The third moment is \[\begin{align*} \mu_3^\prime = E(Y^3) &= \int_{0}^\infty y^3 \theta e^{-\theta y} dy \\ &= \frac{1}{\theta^3} \int_0^\infty t^3 e^{-t} dt \\ &= \frac{1}{\theta^3} \left\{\left[-t^3 e^{-t}\right]_0^\infty + 3 \int_0^\infty t^2 e^{-t} dt \right\} \\ &= \frac{1}{\theta^3} \left\{0 + 3 \times 2 \right\} = \frac{6}{\theta^3}, \end{align*}\]where we have used the fact that \(\int_0^\infty t^2 e^{-t} dt = 2\), from Example 2.4. So, using Theorem 2.1, the third moment about the mean is \[ \mu_3 = \mu_3^\prime - 3\mu_2^\prime \mu + 2 \mu^3 = \frac{6}{\theta^3} - \frac{6}{\theta^2} \cdot \frac{1}{\theta} + \frac{2}{\theta^3} = \frac{2}{\theta^3}.\] So the skewness is \[\gamma_1 = \frac{(2/ \theta^3)}{(1/ \theta^2)^{3/2}} = 2,\] so the exponential distribution has the same positive skewness for all values of the rate parameter \(\theta\).

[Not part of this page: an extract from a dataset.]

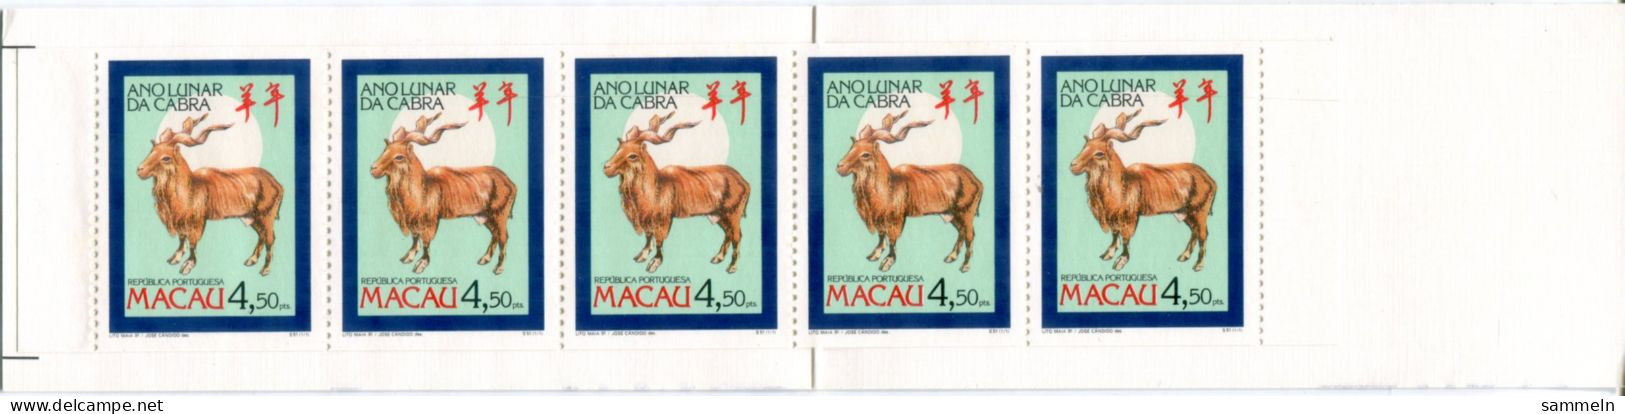 MACAO 667 C MH Mnh - Chinesisches Jahr Des Schafes, Chinese Year Of The Sheep, Année Chinoise Du Mouton - MACAU - Carnets

The fourth moment is \[\begin{align*} \mu_4^\prime = E(Y^4) &= \int_0^\infty y^4 \theta e^{-\theta y} dy \\ &= \frac{1}{\theta^4} \int_0^\infty t^4 e^{-t} dt \\ &= \frac{1}{\theta^4} \left\{[-t^4 e^{-t}]_0^\infty + 4 \int_0^\infty t^3 e^{-t} dt \right\} \\ &= \frac{1}{\theta^4} \left\{0 + 4 \times 6 \right\} = \frac{24}{\theta^4}, \end{align*}\] where we have used that \(\int_0^\infty t^3 e^{-t}dt = 6\), from above. So, using Theorem 2.2, the fourth moment about the mean is \[\begin{align*} \mu_4 &= \mu_4^\prime - 4 \mu_3^\prime \mu + 6 \mu_2^\prime \mu^2 - 3 \mu^4\\ &= \frac{24}{\theta^4} - 4 \cdot \frac{6}{\theta^3} \cdot \frac{1}{\theta} + 6 \cdot \frac{2}{\theta^2} \cdot \frac{1}{\theta^2} - \frac{3}{\theta^4} \\ &= \frac{9}{\theta^4}. \end{align*}\] So the kurtosis is \[\gamma_2 = \frac{9/\theta^4}{(1/\theta^2)^2} = 9,\] which does not depend on \(\theta\). All exponential random variables are positively skewed (\(\gamma_1 = 2\)), with a high kurtosis (\(\gamma_2 = 9\)), meaning the exponential distribution has heavier tails than the normal distribution.